Inside Third & Bond: Week 13 [Brownstoner]
Inside Third & Bond: Week 12 [Brownstoner]
Inside Third & Bond: Week 11 [Brownstoner]
Inside Third & Bond: Week 10 [Brownstoner]
Inside Third & Bond: Week 9 [Brownstoner]
From our lawyers: This is not an offering. No offering can be made until an offering plan is filed with the Department of Law of the State of New York.”
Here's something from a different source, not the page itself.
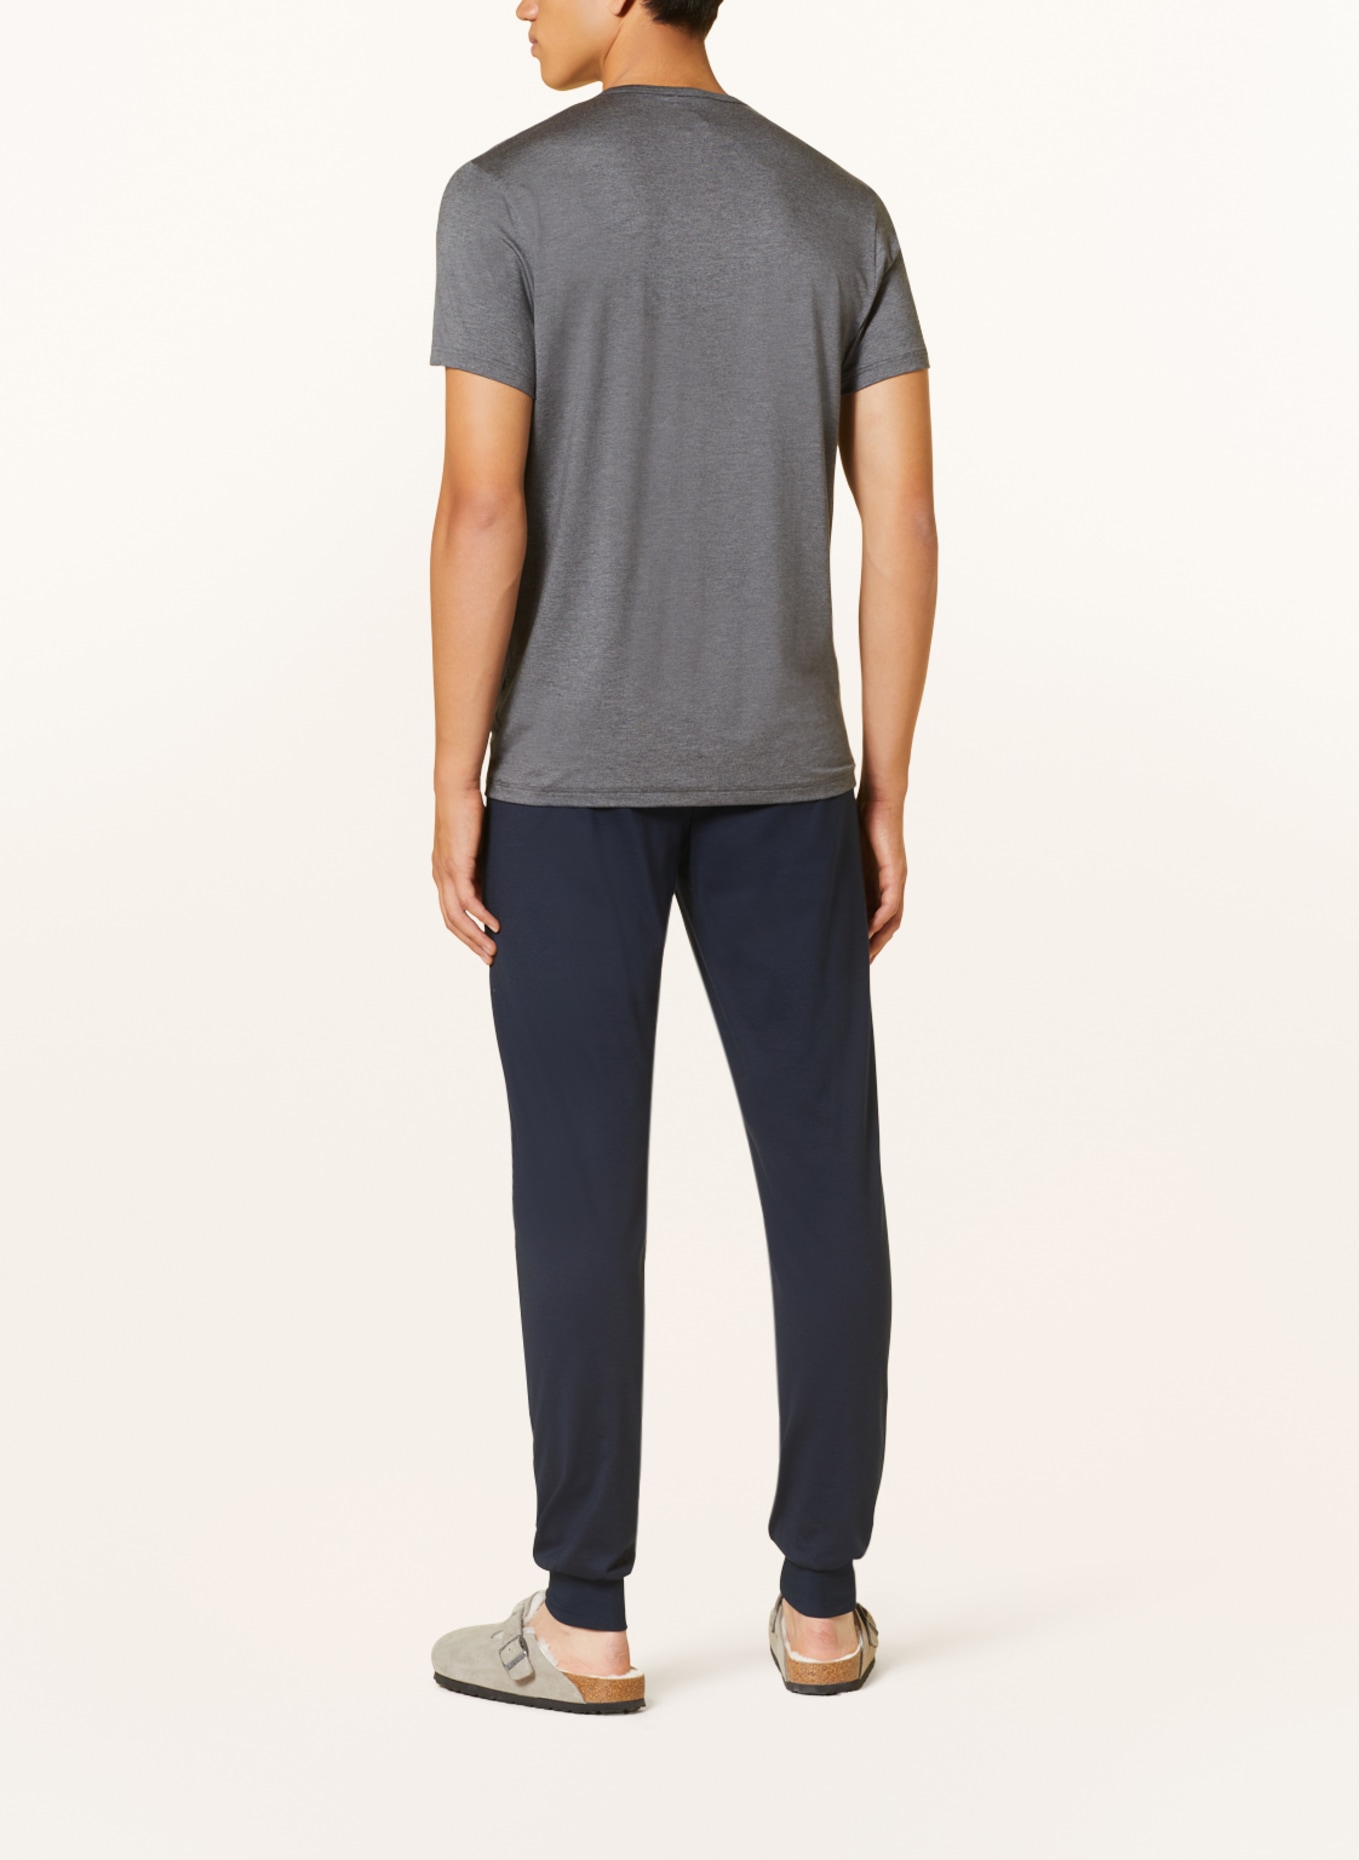 mey Pajama shirt series JEFFERSON MODAL, Color: GRAY (Image 3)

What's Your Take? Leave a Comment

  1. Re: guest 12:40, it’s not that different than buying something with a brand name versus trying something different to save money. There’s a risk/reward analysis that you have to consider, ie a huge savings in cost will pay for a lot of Tylenol if things don’t go smoothly. The reason we initially met Wachovia in 2000 when they were First Union is that they gave us a great term sheet we couldn’t refuse; it was so materially better than other bank offers that it was worth trying out First Union. If the rate had only been 10 basis points better, we probably wouldn’t have switched to a new lender.

    Re: guest 3:17, my advice would be to drive around your neighborhood looking for other new construction sites for smaller projects, sometimes the bank name is on the construction fence, or you could pull over and ask. The names that come to mind are Commerce, WaMu, Bank Leumi, North Fork.

  2. Care to give any names re: construction loans? I tried to get a project going on an 8-family, and the people I spoke with were not very helpful.

  3. How do you weigh the costs of the loan vs the flexibility of the lender? In my experience (I’ve been a lender), borrowers talk about valuing relationships, but, at the end of the day, they tend to go with the lowest cost alternative. How do you weight those intangibles?